As far as humorous missions, one that others, including Lee, note without hesitation, was "horrendous" at the time but can laugh now… He remembers that the only medical problem found was a bladder infection. This being the time LCSAR was called to Pingree Park for a woman who was several miles back and unable to walk out. Team members packaged her in the litter then hauled her up through a boulder field, above timberline, in raging, howling wind, all night, to get her to an LZ as the sun came up. Shortly after being packaged the woman insisted she was well enough to get out long enough to go to the bathroom. Due to her stated injuries and complaints this could not be allowed and she was instructed to do what she had to do right where she was. "Ugly with a capital Ug". Sometimes you have to find humor in just about everything to maintain your SAR-sanity.

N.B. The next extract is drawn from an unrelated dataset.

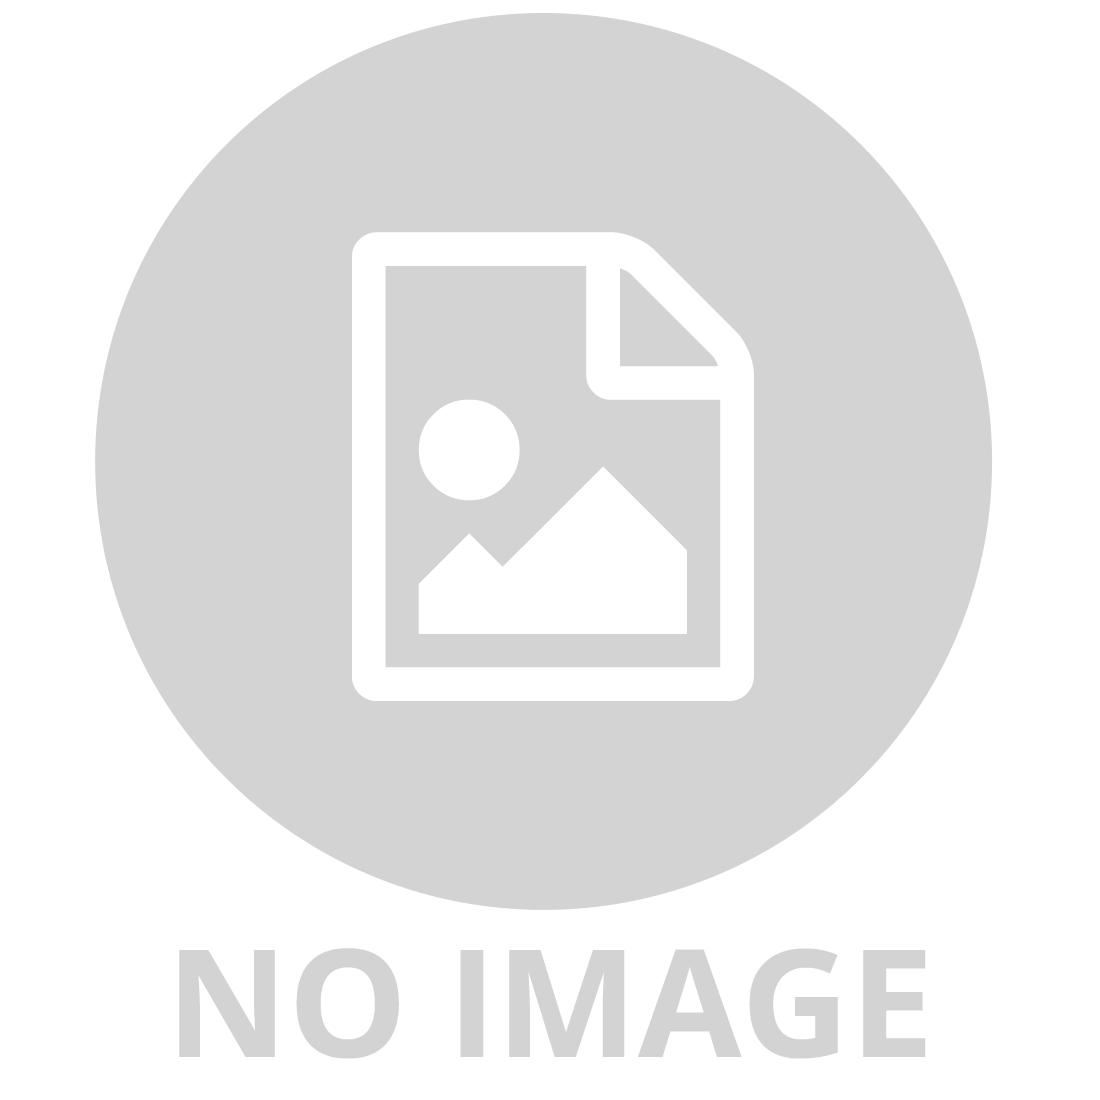 RAVENSBURGER WORLD OF HORSES PUZZLE 2 X 24 PIECE

"You not only have to do the right things, but you have to do things right," as Lee quotes from PVH philosophy saying to describe LCSAR. He feels quite strongly that we are doing both. As well as growing and maturing and continually improving. Personally speaking, Lee states that he is growing too… old that is. As you may or may not be aware, earlier this year he was struggling with losses of balance, tingling extremities and profound weakness that doctors had difficulty diagnosing. Finally after numerous tests, and several months, and symptoms that sometimes pointed to Multiple Sclerosis, surgery was done to fuse damaged vertebrae in Lee's neck. He is not back to 100% and isn't sure if he ever will be but he is improving and relieved to know he does not have some of the other ailments that this could have been.

I asked Lee to comment on the problem of mission participation. He is in favor of tracking mission in addition to training participation to keep ones' ratings, and has encouraged the Training Committee to continue to look at ways to do this. This might provide some incentive in addition to giving other ways to maintain a rating.

As Quartermaster Lee's biggest frustration was babysitting team gear and not always knowing where things were in the truck compartments. A suggestion would be to label the compartments and all of us taking ownership of putting things back where they belong, immediately after use. Labeling was discouraged in the past because of the obvious advertisement to thieves with the vehicles being parked in the street. This is no longer the case, at least for Larimer 10. I think Lee will be talking to Ron in the near future about several ideas he has! Lee is confident we will survive the "No BASART" year without major problems because of the quality and numbers of people we currently have, the level of our exposure in the community, and the methods in place for bringing good people in to the team.

Lee is proud of his British heritage and traditions and enjoys his trips home every few years where he can walk through customs there and hear "welcome home sir." But this is home too and he is very content living here where he has to pay taxes, proud of the 13 months he spent 60 miles south of Saigon around 1968, and doesn't mind too much that he is not allowed to vote.

Of all things, Lee is grateful for having been given the opportunity to be a member of LCSAR and is very proud of this group of friends and team members he is an active part of. He reflects back on his childhood and a guy they called "Tedd'er" and volunteers with the revered Royal National Life Boat Institute who go out in the worst weather and risk their lives to rescue shipwreck victims, and SAR helicopter crews in Vietnam on the Mekong Delta who similarly take extreme risks in the hope of saving a life. We all have the same desire to help, and rewards of saving lives, and respect of the community and pride and camaraderie.